SUPPLIED RECORDS =
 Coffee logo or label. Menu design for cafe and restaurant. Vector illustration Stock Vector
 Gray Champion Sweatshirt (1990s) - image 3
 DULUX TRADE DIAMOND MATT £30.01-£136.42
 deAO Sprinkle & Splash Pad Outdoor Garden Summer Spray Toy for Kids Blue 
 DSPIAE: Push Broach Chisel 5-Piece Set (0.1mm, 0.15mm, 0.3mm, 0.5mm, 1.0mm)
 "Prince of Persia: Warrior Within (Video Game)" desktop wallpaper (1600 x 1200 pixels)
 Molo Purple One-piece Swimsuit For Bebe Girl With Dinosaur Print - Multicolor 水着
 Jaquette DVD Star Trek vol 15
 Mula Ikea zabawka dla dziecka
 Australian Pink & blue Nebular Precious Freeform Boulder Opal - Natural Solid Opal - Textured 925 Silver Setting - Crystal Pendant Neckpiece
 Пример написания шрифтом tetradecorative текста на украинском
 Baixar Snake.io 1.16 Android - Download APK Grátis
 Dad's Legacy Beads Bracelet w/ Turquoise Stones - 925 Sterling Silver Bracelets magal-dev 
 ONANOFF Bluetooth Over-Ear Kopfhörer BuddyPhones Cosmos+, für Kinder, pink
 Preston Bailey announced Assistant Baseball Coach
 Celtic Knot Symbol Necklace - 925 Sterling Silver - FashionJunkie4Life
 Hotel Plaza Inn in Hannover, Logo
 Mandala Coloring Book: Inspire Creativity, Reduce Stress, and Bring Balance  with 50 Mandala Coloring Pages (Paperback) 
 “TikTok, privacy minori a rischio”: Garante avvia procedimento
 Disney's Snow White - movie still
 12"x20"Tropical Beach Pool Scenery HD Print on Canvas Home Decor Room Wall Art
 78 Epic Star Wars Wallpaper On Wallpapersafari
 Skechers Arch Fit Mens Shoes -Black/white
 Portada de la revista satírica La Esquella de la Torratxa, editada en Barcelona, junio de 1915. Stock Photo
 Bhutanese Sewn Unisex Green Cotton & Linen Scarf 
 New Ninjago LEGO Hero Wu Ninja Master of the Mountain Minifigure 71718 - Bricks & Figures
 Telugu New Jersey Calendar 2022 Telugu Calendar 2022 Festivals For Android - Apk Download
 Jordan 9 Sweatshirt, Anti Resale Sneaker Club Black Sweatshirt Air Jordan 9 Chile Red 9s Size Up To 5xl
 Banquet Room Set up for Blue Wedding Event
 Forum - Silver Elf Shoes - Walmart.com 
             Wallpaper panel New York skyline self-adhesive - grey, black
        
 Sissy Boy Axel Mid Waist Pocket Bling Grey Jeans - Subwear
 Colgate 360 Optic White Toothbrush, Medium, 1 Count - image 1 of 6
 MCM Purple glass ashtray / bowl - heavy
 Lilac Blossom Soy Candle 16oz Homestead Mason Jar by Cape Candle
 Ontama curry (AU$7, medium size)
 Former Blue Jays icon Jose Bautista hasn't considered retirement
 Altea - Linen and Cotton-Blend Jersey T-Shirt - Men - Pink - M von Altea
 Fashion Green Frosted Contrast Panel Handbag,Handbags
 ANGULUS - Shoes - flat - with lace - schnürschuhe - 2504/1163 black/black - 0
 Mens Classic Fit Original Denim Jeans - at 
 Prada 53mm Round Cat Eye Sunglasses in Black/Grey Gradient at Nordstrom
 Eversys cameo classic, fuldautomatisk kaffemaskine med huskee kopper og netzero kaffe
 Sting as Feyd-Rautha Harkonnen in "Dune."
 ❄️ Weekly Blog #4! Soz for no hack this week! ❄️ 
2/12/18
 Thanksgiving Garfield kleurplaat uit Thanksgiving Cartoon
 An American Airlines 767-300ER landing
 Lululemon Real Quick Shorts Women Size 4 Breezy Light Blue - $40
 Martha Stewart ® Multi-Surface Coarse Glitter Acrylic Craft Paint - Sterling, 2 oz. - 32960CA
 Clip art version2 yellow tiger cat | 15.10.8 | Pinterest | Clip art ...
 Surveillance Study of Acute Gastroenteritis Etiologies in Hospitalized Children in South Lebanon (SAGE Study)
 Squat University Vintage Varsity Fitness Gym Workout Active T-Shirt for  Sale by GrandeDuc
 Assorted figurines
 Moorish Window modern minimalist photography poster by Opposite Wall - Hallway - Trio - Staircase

ABOUT THIS TASK = One inclusive range is required: first line of the data through the line containing "Garante avvia procedimento". Set it down exactly and output nothing else.

REPLY TO THE EXERCISE =
 Coffee logo or label. Menu design for cafe and restaurant. Vector illustration Stock Vector
 Gray Champion Sweatshirt (1990s) - image 3
 DULUX TRADE DIAMOND MATT £30.01-£136.42
 deAO Sprinkle & Splash Pad Outdoor Garden Summer Spray Toy for Kids Blue 
 DSPIAE: Push Broach Chisel 5-Piece Set (0.1mm, 0.15mm, 0.3mm, 0.5mm, 1.0mm)
 "Prince of Persia: Warrior Within (Video Game)" desktop wallpaper (1600 x 1200 pixels)
 Molo Purple One-piece Swimsuit For Bebe Girl With Dinosaur Print - Multicolor 水着
 Jaquette DVD Star Trek vol 15
 Mula Ikea zabawka dla dziecka
 Australian Pink & blue Nebular Precious Freeform Boulder Opal - Natural Solid Opal - Textured 925 Silver Setting - Crystal Pendant Neckpiece
 Пример написания шрифтом tetradecorative текста на украинском
 Baixar Snake.io 1.16 Android - Download APK Grátis
 Dad's Legacy Beads Bracelet w/ Turquoise Stones - 925 Sterling Silver Bracelets magal-dev 
 ONANOFF Bluetooth Over-Ear Kopfhörer BuddyPhones Cosmos+, für Kinder, pink
 Preston Bailey announced Assistant Baseball Coach
 Celtic Knot Symbol Necklace - 925 Sterling Silver - FashionJunkie4Life
 Hotel Plaza Inn in Hannover, Logo
 Mandala Coloring Book: Inspire Creativity, Reduce Stress, and Bring Balance  with 50 Mandala Coloring Pages (Paperback) 
 “TikTok, privacy minori a rischio”: Garante avvia procedimento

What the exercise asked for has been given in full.